United States District Court, W.D. Washington, Tacoma

April 29, 2014

CAROLYN W. COLVIN, Acting Commissioner of the Social Security Administration, Defendant.


J. RICHARD CREATURA, Magistrate Judge.

This matter has been referred to United States Magistrate Judge J. Richard Creatura pursuant to 28 U.S.C. § 636(b)(1) and Local Magistrate Judge Rule MJR 4(a)(4), and as authorized by Mathews, Secretary of H.E.W. v. Weber, 423 U.S. 261, 271-72 (1976). This matter has been fully briefed ( see ECF Nos. 11, 12, 13).

After considering and reviewing the record, the Court finds the ALJ failed to provide clear and convincing reasons for discounting the opinions of Kristi Breen Ph.D. and Rachelle C. Langhofer, Ph.D. Plaintiff's limitations from mental impairments require further evaluation.

Therefore, this matter should be reversed and remanded pursuant to sentence four of 42 U.S.C. § 405(g) to the Acting Commissioner for further consideration.


Plaintiff, CHRISTAL LYNN HAESEL, was born in 1972 and was 37 years old on the alleged date of disability onset of July 9, 2010 ( see Tr. 20, 183, 189). Plaintiff completed college and then completed a two year degree in culinary arts (Tr. 34-35). Plaintiff has work experience as an executive chef and in retail and preschool management (Tr. 20, 35, 205).

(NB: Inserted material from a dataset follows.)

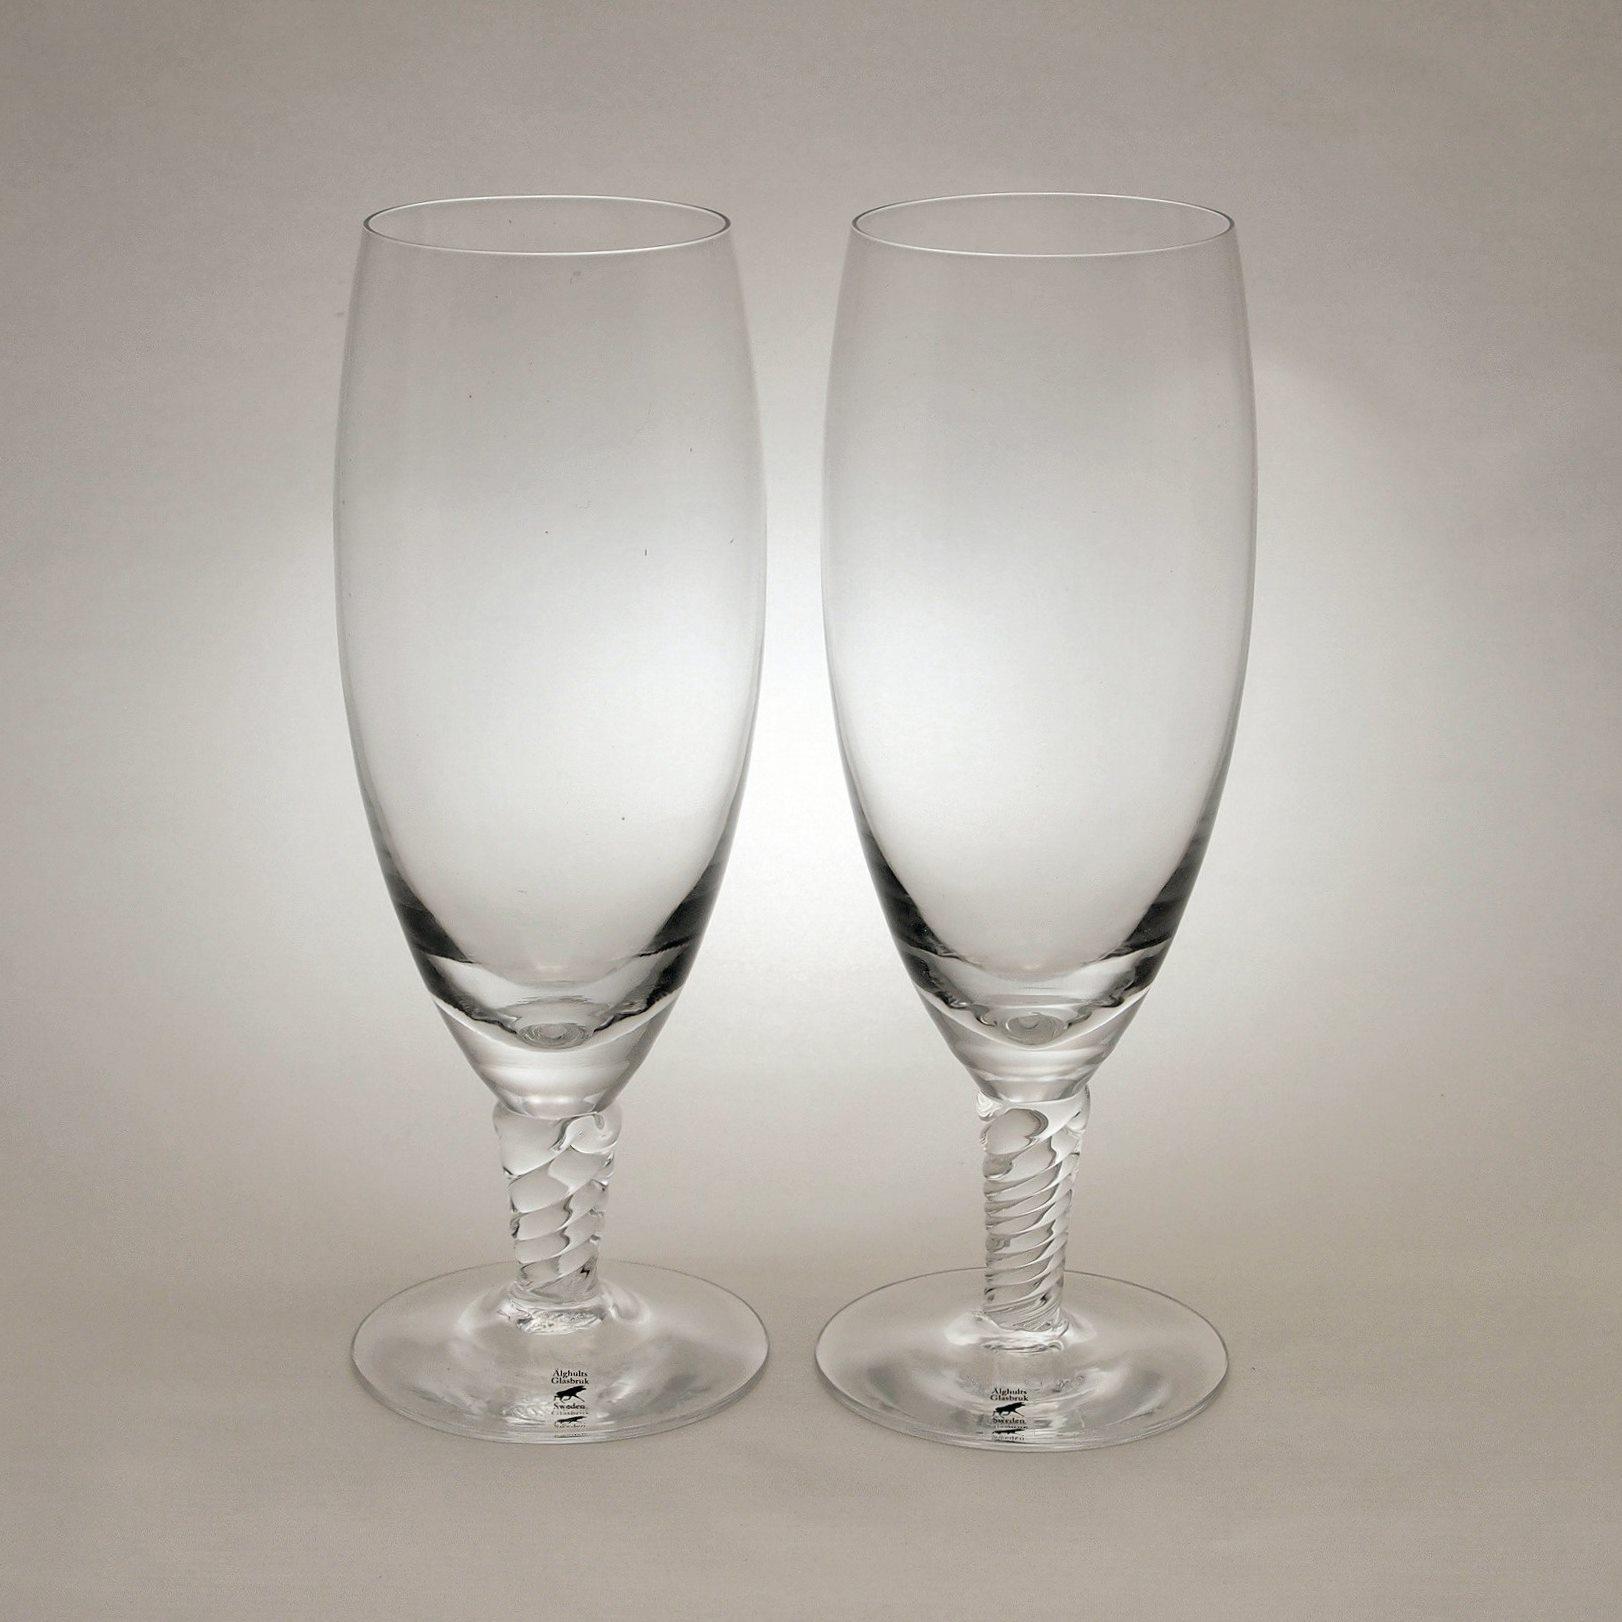 アルグハルト ツイスト ビールグラス ペア Alghult Twist Beer Glass Pair

Plaintiff has at least the severe impairments of "post-traumatic stress disorder ("PTSD") and bipolar disorder (20 CFR 404.1520(c) and 416.920(c))" (Tr. 15).

At the time of the hearing, plaintiff was living in an apartment (Tr. 33).

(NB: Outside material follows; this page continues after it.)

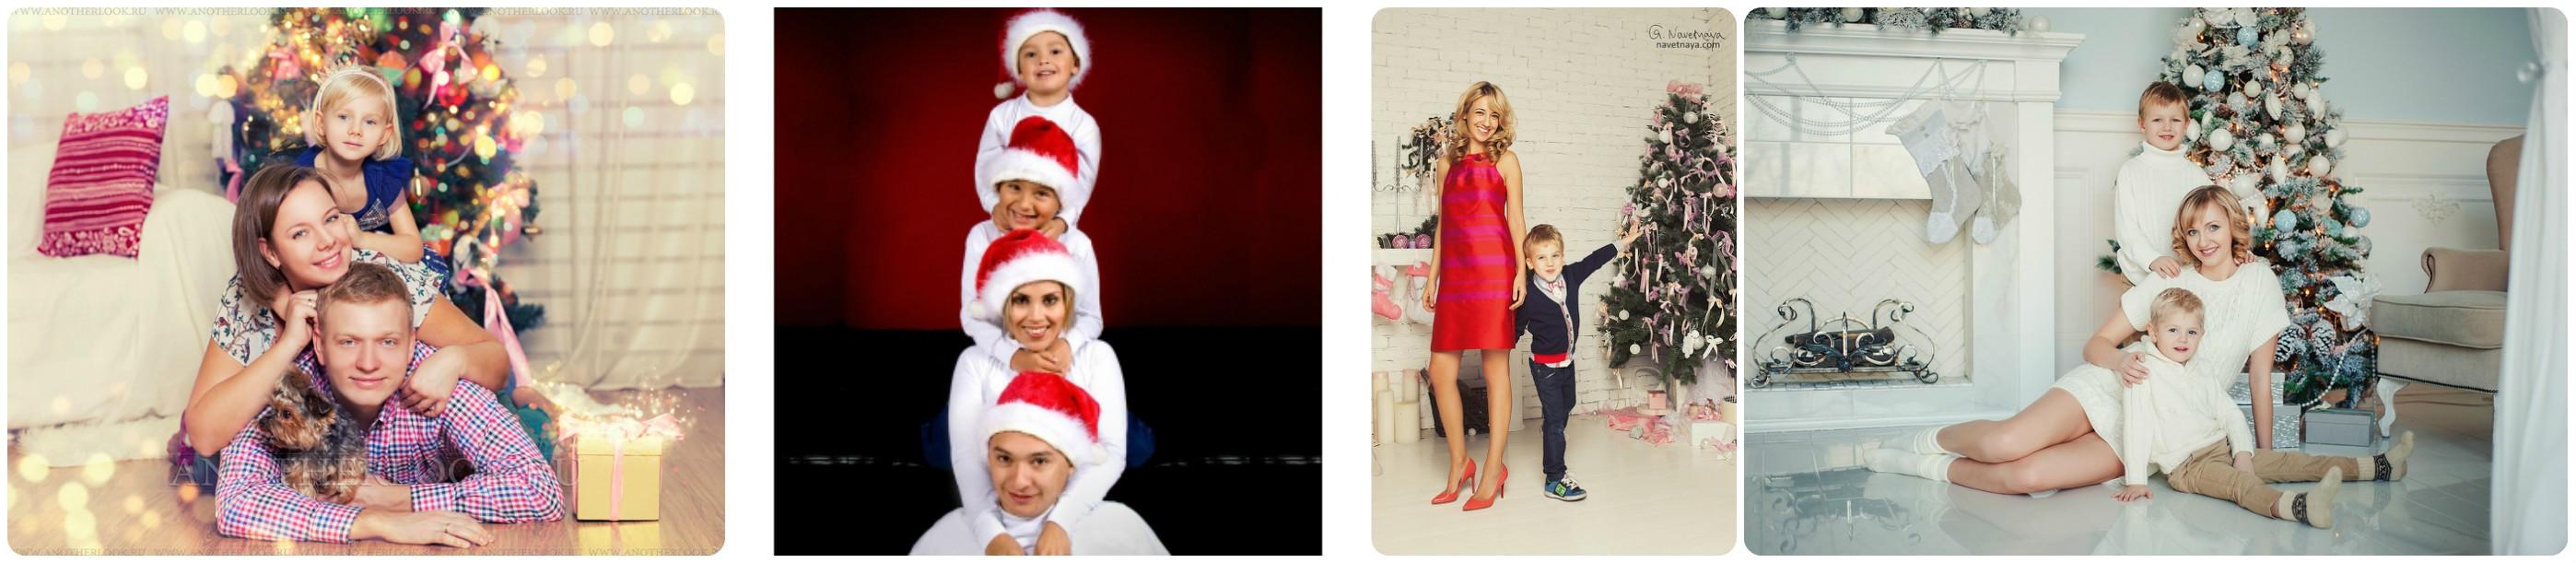 идеи новогодней семейной фотосессии

On September 10, 2010, plaintiff filed an application for disability insurance ("DIB") benefits pursuant to 42 U.S.C. § 423 (Title II) and Supplemental Security Income ("SSI") benefits pursuant to 42 U.S.C. § 1382(a) (Title XVI) of the Social Security Act ( see Tr. 183-88, 189-90). The applications were denied initially and following reconsideration (Tr. 120-28). Plaintiff's requested hearing was held before Administrative Law Judge Rebekah Ross ("the ALJ") on September 12, 2011 ( see Tr. 27-69). On September 20, 2011, the ALJ issued a written decision in which the ALJ concluded that plaintiff was not disabled pursuant to the Social Security Act ( see Tr.10-26).

On May 2, 2013, the Appeals Council denied plaintiff's request for review, making the written decision by the ALJ the final agency decision subject to judicial review (Tr. 1-6). See 20 C.F.R. § 404.981. Plaintiff filed a complaint in this Court seeking judicial review of the ALJ's written decision in June, 2013 ( see ECF No. 1). Defendant filed the sealed administrative record regarding this matter ("Tr.") on September 4, 2013 ( see ECF Nos. 8, 9).

In plaintiff's Opening Brief, plaintiff raises the following arguments: (1) the ALJ erred in rejecting the medical opinions of Rachelle C. Langhofer, Ph.D. and Kristi Breen, Ph.D.; and (2) the ALJ's errors were not harmless ( see ECF No. 11, p. 1).


Pursuant to 42 U.S.C. § 405(g), this Court may set aside the Commissioner's denial of social security benefits if the ALJ's findings are based on legal error or not supported by substantial evidence in the record as a whole. Bayliss v. Barnhart, 427 F.3d 1211, 1214 n.1 (9th Cir. 2005) ( citing Tidwell v. Apfel, 161 F.3d 599, 601 (9th Cir. 1999)). "Substantial evidence" is more than a scintilla, less than a preponderance, and is such "relevant evidence as a reasonable mind might accept as adequate to support a conclusion.'" Magallanes v. Bowen, 881 F.2d 747, 750 (9th Cir. 1989) ( quoting Davis v. Heckler, 868 F.2d 323, 325-26 (9th Cir. 1989)). Regarding the question of whether or not substantial evidence supports the findings by the ALJ, the Court should "review the administrative record as a whole, weighing both the evidence that supports and that which detracts from the ALJ's conclusion.'" Andrews v. Shalala, 53 F.3d 1035, 1039 (9th Cir. 1995) ( citing Magallanes, supra, 881 F.2d at 750).


(1) Did the ALJ err in rejecting the medical opinions of Rachelle C. Langhofer, Ph.D. and Kristi Breen, Ph.D.?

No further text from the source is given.